Update as of Feb. 7: Tampa’s ABC Action News reported that deputies have located the man, but additional details were not provided.
A missing Florida man wants to “kill and heal” people and may be suffering from delusions of grandeur, said deputies.
They said Ariel Raul Rodriguez, 33, had been making statements about being God and has been missing since leaving his family’s home in Tampa, reported Fox13.
Hillsborough County Sheriff’s Office deputies said he was talking about being the lion mentioned in the Bible.
HAVE YOU SEEN HIM? Deputies are asking for the public's help to find this man, who said he was God and "wants to heal people and kill people."SPREAD THE WORD: https://bit.ly/2TyGdbr
Rodriguez apparently told Fox13 that he is in Tallahassee and is “fine.”

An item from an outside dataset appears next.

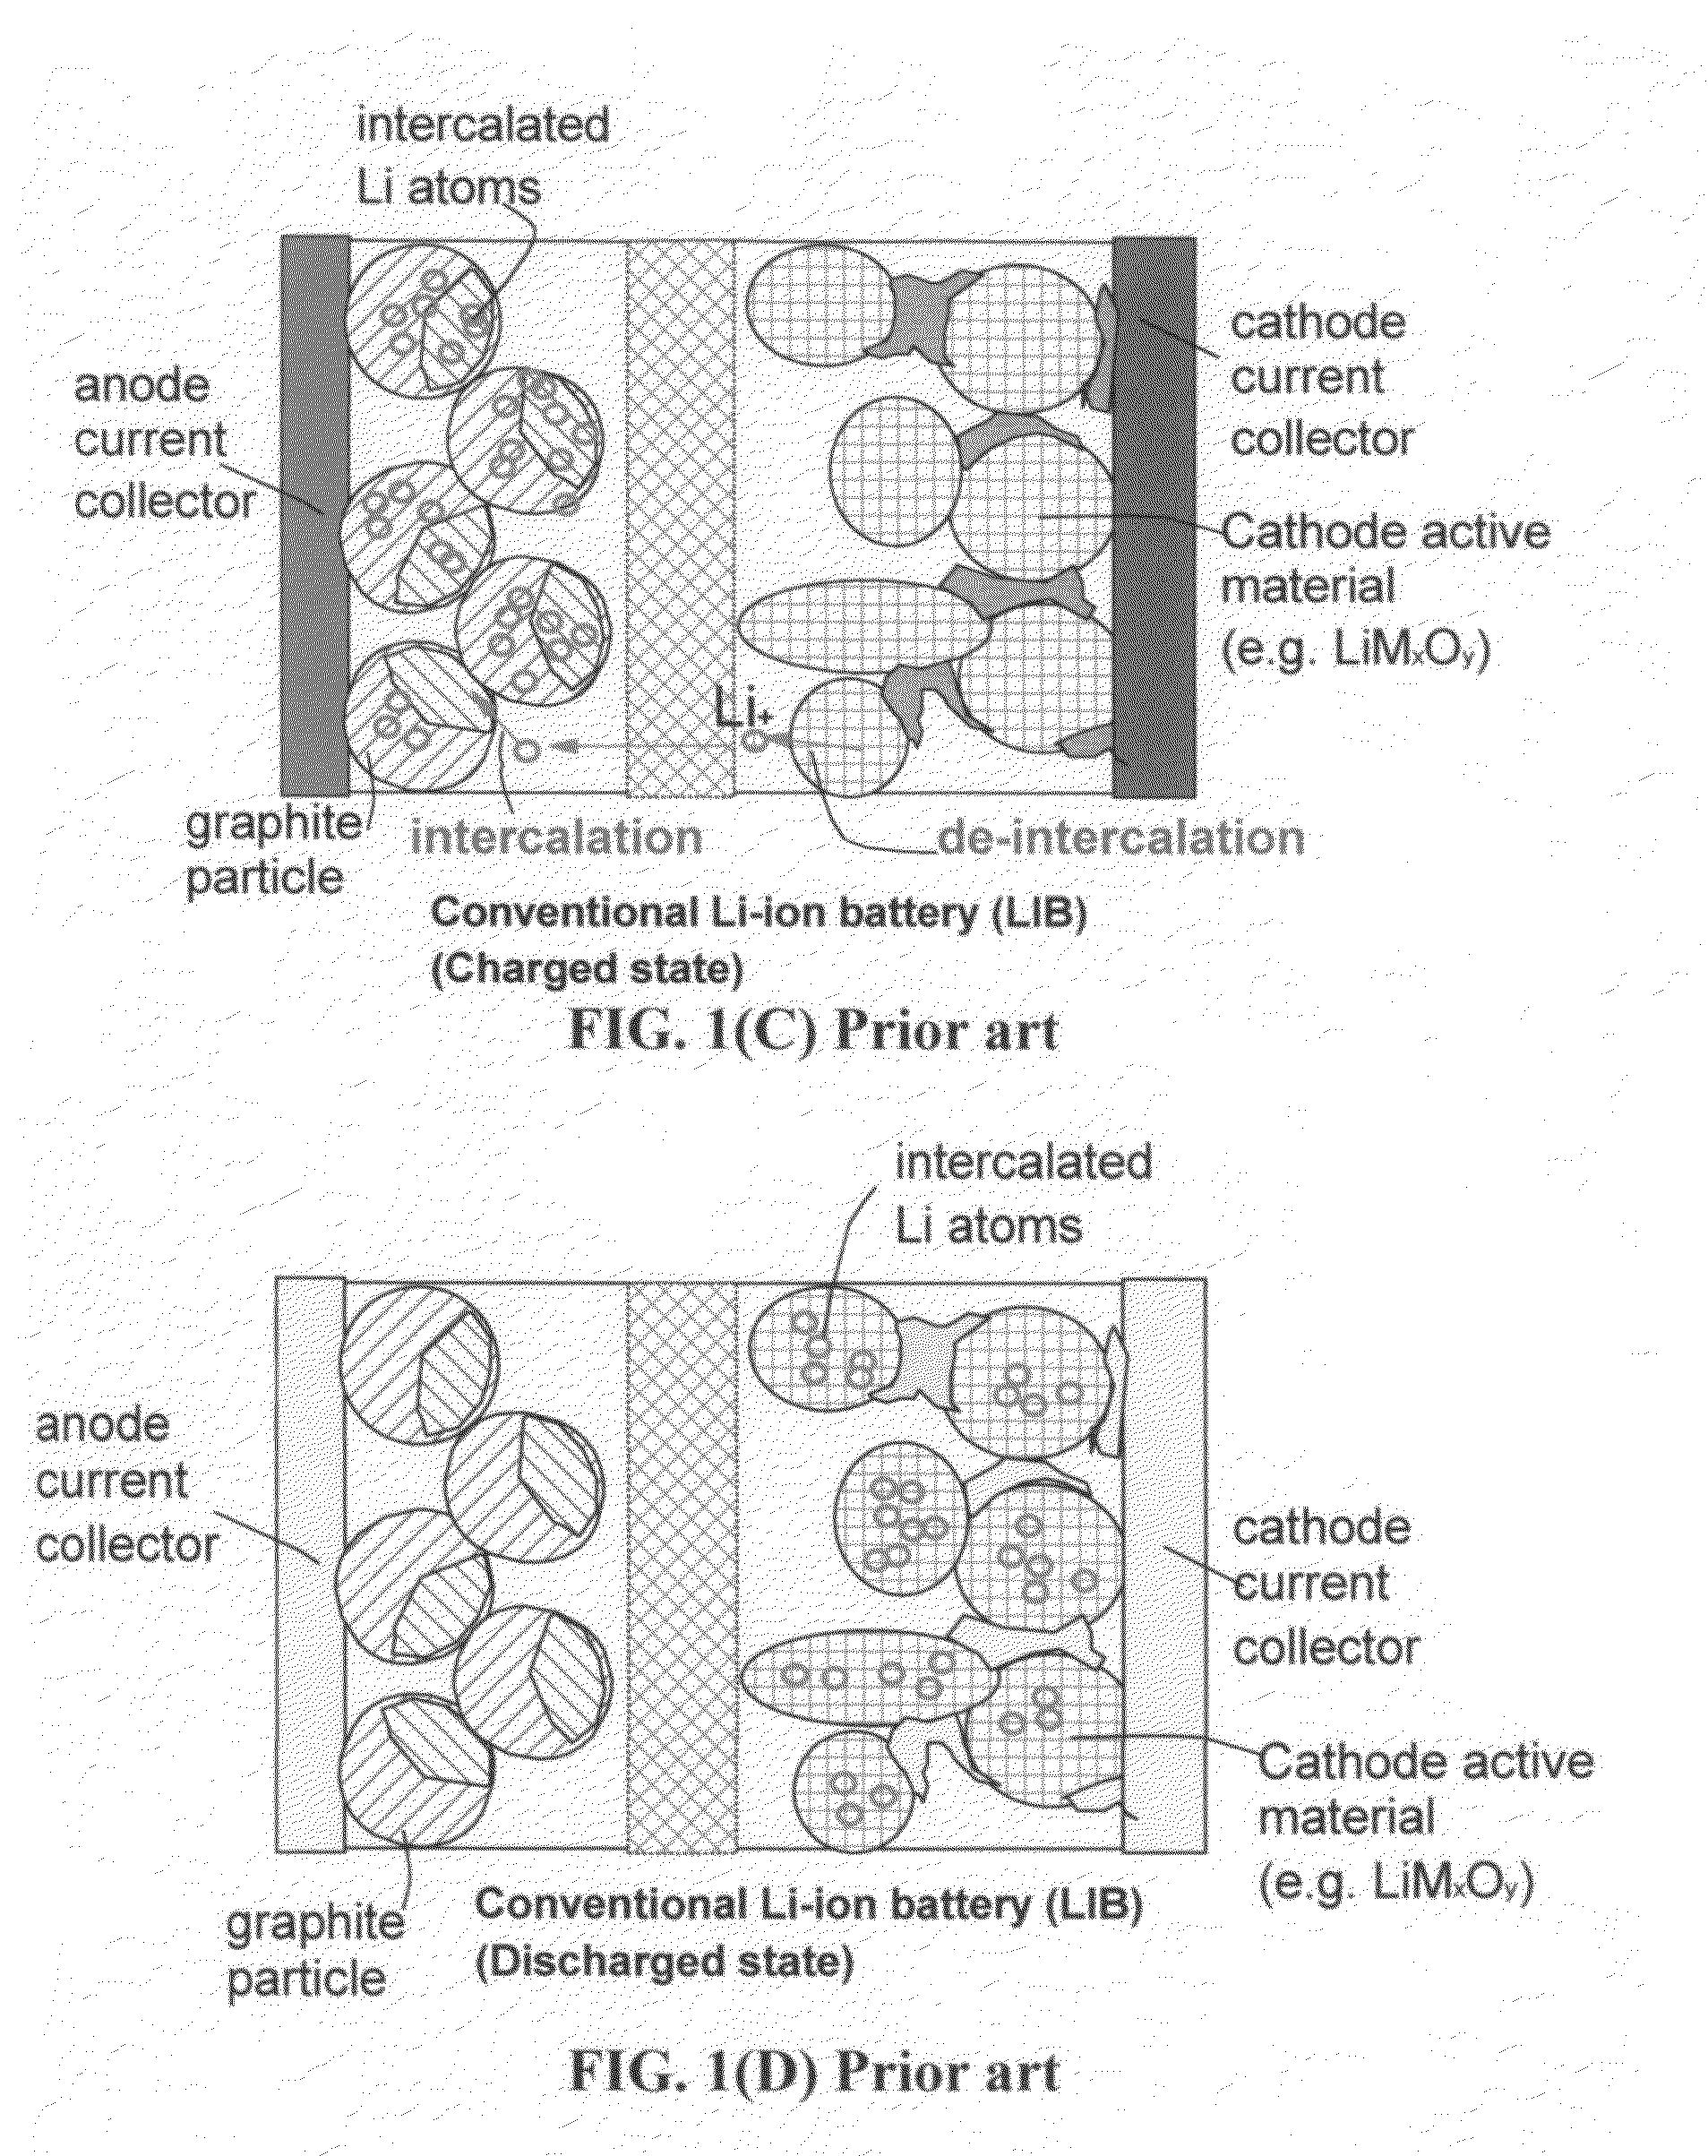 Surface-mediated cell-powered portable computing devices and methods of operating same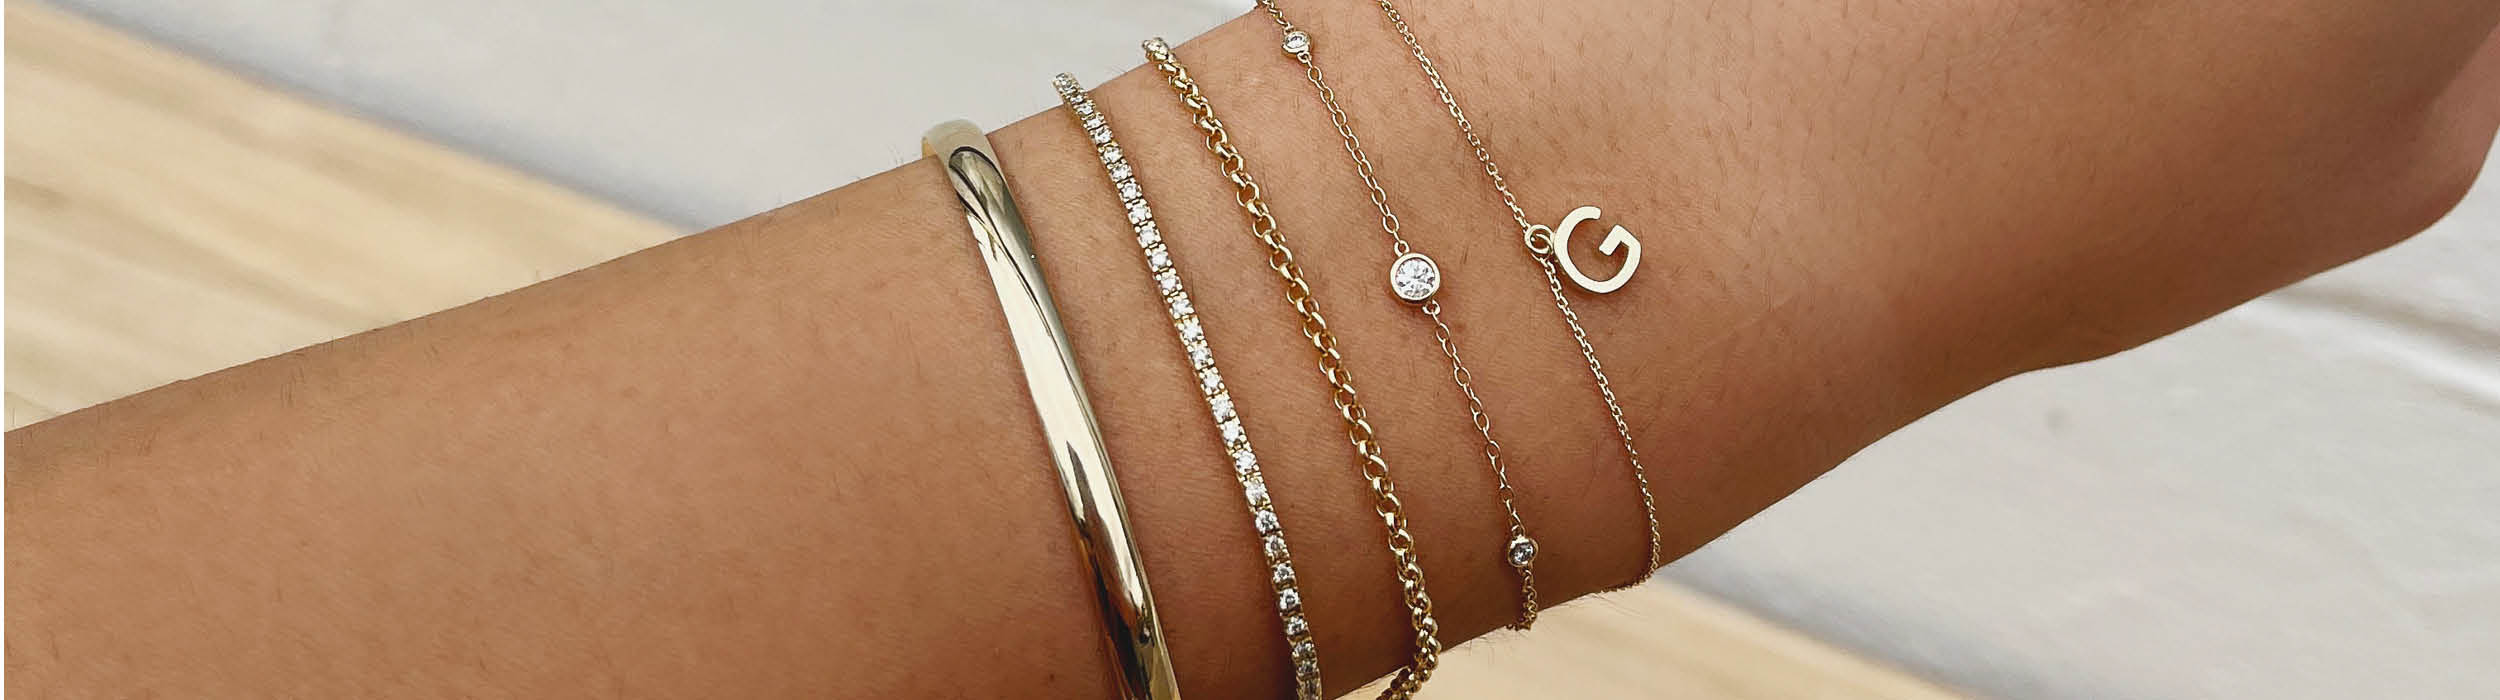 Five yellow gold bracelets stacked on a wrist

However, the sheriff’s department disputed the claim made by the Fox affiliate.
“Ariel has not made contact with the sheriff’s office yet, and as far as I know, no one from the family has talked to our sergeant as of yet to confirm that he is no longer missing,” a spokesperson for the sheriff’s office told WZZM.
“I reached out to the sergeant. Once deputies investigate and send information saying the alert is canceled we can put something out, but not until then.”
Deputies said he was driving a white, four-door 2016 Acura TLX with Florida tag GHEC68.
Officials said that anyone who may know where his whereabouts are can call the sheriff’s office at 813-247-8200.
Other details about the case are not clear.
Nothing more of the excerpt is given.